What is a 'Financial Asset'
A financial asset is a tangible liquid asset that derives value because of a contractual claim of what it represents. Stocks, bonds, bank deposits and the like are all examples of financial assets. Unlike land, property, commodities or other tangible physical assets, financial assets do not necessarily have physical worth.
BREAKING DOWN 'Financial Asset'
A financial asset derives value from a contractual claim. Since the asset does not have value until it is converted into cash, the value can fluctuate, especially in the case of stocks.
Types of Financial Assets
A certificate of deposit (CD) allows an investor to deposit an amount of money at a bank for a set time with a guaranteed interest rate. A CD is typically held for three to six months or one, three or five years. Interest is paid monthly.
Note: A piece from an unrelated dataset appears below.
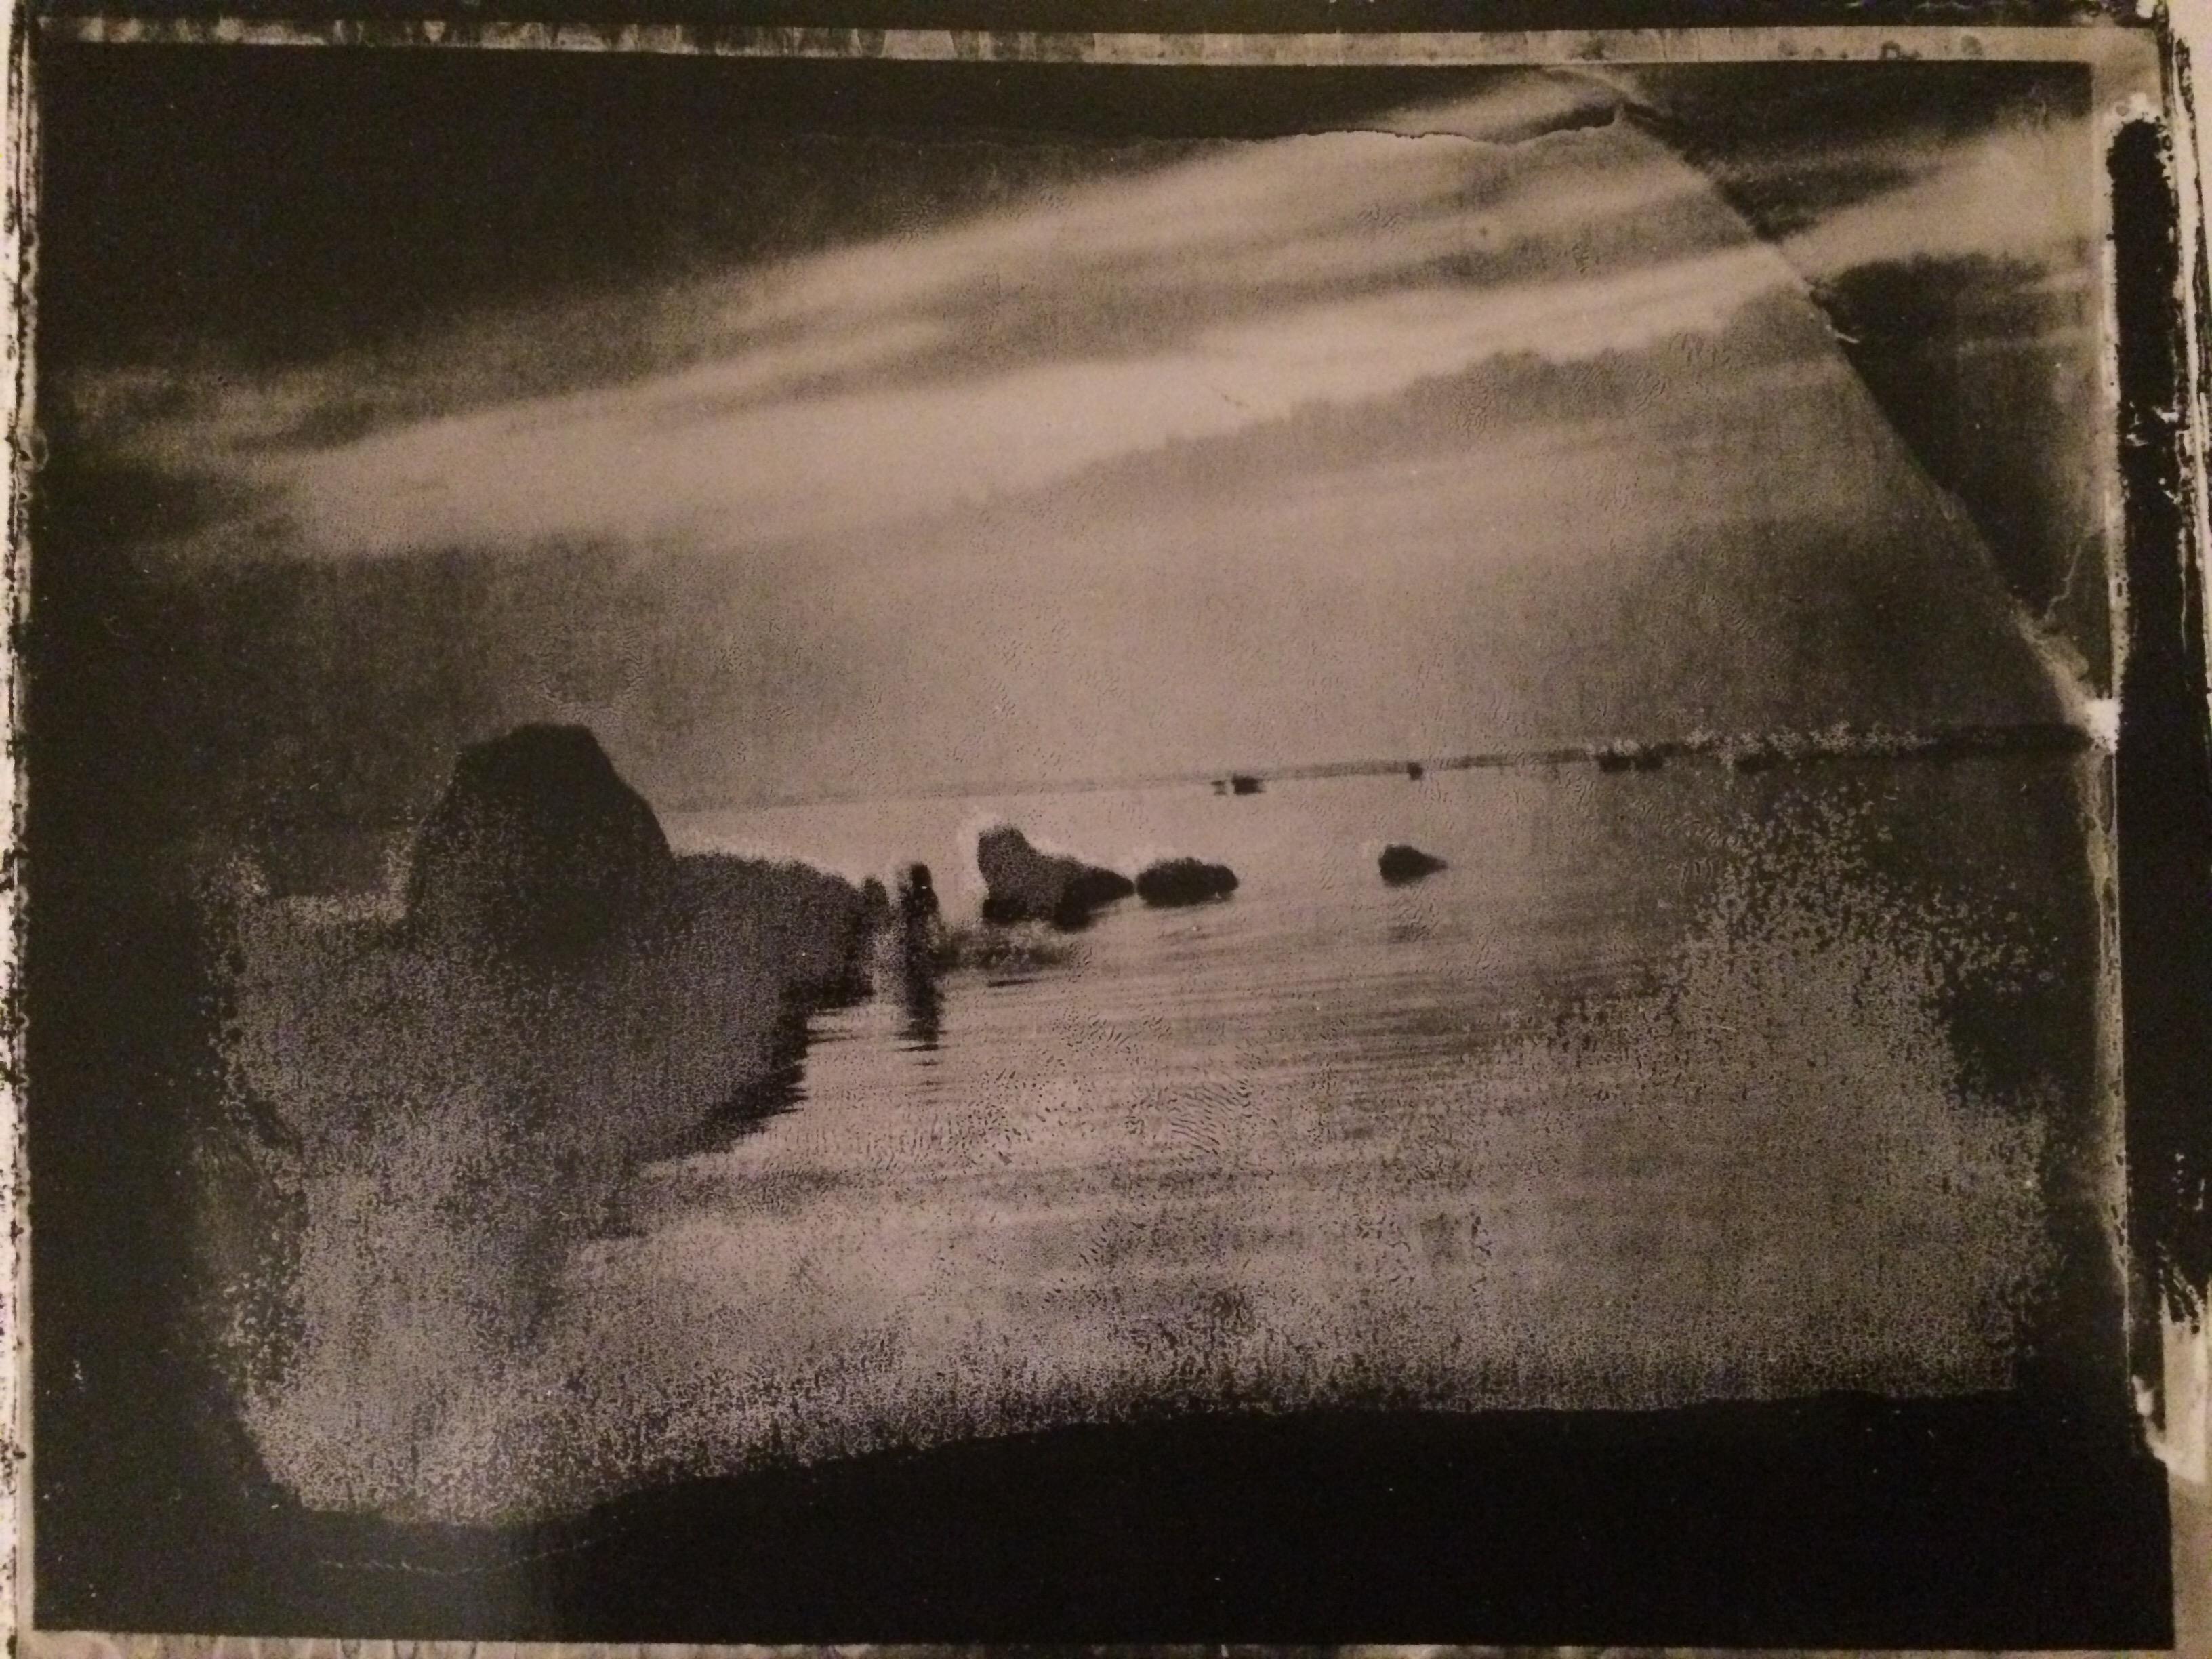 ©  Cato Lein Titel: Northern Silence 2  BildmŒått: 36x28 cm Teknik: Baryt, Lithprint Montering: Säljs oinramad Upplaga 3 +1AP Signerad: Ja   Pris: SEK 8500

Bonds are one way companies or governments finance short-term projects. The bonds state how much money is owed, the interest rate being paid and the bond's maturity date.
Stocks are financial assets with no set ending date. An investor buying stocks becomes part owner of a company and shares in its profits and losses. Stocks may be held indefinitely or sold to other investors.
Pros and Cons of Financial Assets
Financial assets such as checking accounts, savings accounts and money market accounts are easily turned into cash for paying bills and covering financial emergencies, such as car repairs. Keeping too much money in illiquid investments may result in using a high-interest credit card to cover bills, increasing debt, and negatively affecting retirement and other investment goals. In the case of stocks, an investor has to sell stock and wait for the settlement date to receive the cash; an investor must have other financial assets available for when emergencies arise.
Keeping money in more conservative accounts results in greater preservation of capital. Money in bank accounts is typically covered by the Federal Deposit Insurance Corporation (FDIC) and is insured against loss. When enough money is set aside in more liquid accounts, an investor is better able to purchase more aggressive assets such as real estate or Forex with greater peace of mind.
However, liquid assets such as checking accounts and savings accounts have more limited return on investment. In addition, CDs and money market accounts restrict withdrawals for months or years. When interest rates fall, callable CDs are often called, and investors face moving their money to potentially lower-income investments. Since FDIC insurance covers each financial institution individually, an investor with brokered CDs totaling over $250,000 in one bank faces losses if the bank becomes insolvent. Also, cashing out assets before their maturity dates typically results in lower returns and other financial penalties.